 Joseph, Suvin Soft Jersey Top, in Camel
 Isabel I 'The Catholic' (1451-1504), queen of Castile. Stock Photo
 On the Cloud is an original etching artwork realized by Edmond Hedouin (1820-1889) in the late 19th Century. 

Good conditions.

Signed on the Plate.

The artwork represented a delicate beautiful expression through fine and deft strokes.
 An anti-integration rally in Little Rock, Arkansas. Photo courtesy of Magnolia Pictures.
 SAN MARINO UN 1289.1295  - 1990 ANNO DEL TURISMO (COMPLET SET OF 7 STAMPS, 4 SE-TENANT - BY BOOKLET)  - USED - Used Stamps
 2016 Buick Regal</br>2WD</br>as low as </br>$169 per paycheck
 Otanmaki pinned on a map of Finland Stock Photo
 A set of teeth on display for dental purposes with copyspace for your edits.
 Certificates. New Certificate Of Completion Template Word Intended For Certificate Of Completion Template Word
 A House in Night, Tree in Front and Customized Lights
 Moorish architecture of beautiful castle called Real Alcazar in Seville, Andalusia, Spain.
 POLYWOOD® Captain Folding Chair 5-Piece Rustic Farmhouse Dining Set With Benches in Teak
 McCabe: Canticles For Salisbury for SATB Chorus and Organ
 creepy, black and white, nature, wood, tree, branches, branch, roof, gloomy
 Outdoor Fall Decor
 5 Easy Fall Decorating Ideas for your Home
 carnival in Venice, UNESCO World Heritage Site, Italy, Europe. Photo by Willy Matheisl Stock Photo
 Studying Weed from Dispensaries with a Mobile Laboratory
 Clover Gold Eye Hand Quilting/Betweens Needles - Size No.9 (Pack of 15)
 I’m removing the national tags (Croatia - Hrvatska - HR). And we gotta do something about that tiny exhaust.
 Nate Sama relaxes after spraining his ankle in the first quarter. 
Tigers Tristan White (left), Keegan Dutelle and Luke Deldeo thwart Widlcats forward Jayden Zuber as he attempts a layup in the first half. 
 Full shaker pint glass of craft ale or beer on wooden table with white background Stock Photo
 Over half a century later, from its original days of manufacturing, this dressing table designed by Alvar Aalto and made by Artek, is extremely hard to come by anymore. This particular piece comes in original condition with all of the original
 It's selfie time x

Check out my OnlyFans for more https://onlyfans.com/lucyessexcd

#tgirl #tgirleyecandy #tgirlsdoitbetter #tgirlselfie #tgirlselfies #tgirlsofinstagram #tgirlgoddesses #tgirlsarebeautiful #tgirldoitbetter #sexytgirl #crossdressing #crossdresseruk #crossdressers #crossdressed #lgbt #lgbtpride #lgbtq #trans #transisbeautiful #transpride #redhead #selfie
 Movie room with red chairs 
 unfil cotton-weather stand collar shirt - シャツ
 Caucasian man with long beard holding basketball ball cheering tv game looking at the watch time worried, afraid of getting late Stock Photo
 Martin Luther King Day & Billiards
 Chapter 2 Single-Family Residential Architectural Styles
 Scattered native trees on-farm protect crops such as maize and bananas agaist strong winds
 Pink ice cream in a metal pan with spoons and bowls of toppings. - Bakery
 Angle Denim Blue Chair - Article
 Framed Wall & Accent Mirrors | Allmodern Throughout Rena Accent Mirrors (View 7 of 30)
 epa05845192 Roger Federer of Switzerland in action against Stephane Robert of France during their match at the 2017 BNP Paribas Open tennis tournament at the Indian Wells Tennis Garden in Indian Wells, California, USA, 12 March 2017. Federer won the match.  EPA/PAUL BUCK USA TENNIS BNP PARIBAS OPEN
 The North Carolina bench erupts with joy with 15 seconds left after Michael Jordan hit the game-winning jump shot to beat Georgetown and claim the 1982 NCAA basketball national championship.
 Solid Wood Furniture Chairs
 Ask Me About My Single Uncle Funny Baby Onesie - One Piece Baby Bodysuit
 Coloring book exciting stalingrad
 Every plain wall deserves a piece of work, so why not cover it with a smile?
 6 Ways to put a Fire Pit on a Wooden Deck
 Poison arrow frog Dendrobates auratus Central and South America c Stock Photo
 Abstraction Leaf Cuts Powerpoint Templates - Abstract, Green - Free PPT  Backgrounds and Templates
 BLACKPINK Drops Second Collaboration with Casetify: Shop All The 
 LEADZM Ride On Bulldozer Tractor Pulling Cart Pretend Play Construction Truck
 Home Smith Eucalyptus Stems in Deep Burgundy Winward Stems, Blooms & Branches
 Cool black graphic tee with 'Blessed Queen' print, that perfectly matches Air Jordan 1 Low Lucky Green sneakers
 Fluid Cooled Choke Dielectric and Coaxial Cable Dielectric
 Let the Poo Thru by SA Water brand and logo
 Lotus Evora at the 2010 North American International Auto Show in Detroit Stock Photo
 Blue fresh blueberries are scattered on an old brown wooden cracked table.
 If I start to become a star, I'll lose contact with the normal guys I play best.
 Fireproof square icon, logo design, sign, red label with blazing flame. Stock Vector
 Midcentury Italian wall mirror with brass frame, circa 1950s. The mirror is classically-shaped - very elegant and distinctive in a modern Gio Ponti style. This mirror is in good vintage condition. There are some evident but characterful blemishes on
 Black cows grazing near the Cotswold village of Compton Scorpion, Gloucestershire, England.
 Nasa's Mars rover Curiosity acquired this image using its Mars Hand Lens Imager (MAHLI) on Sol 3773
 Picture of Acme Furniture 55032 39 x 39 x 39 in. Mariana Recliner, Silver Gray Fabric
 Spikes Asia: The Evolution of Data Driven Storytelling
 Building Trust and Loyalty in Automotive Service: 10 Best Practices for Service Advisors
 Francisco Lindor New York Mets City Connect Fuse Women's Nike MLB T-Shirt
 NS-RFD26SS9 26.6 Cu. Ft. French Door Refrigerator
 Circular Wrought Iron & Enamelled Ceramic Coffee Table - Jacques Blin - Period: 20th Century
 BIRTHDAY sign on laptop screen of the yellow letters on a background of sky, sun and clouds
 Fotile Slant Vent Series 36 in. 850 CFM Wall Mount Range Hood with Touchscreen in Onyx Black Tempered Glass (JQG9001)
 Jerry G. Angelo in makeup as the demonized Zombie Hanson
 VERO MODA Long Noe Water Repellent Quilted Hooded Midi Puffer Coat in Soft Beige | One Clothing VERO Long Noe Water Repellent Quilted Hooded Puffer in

**********

What lines of the data contain the string "artwork"? List them.

 On the Cloud is an original etching artwork realized by Edmond Hedouin (1820-1889) in the late 19th Century. 
The artwork represented a delicate beautiful expression through fine and deft strokes.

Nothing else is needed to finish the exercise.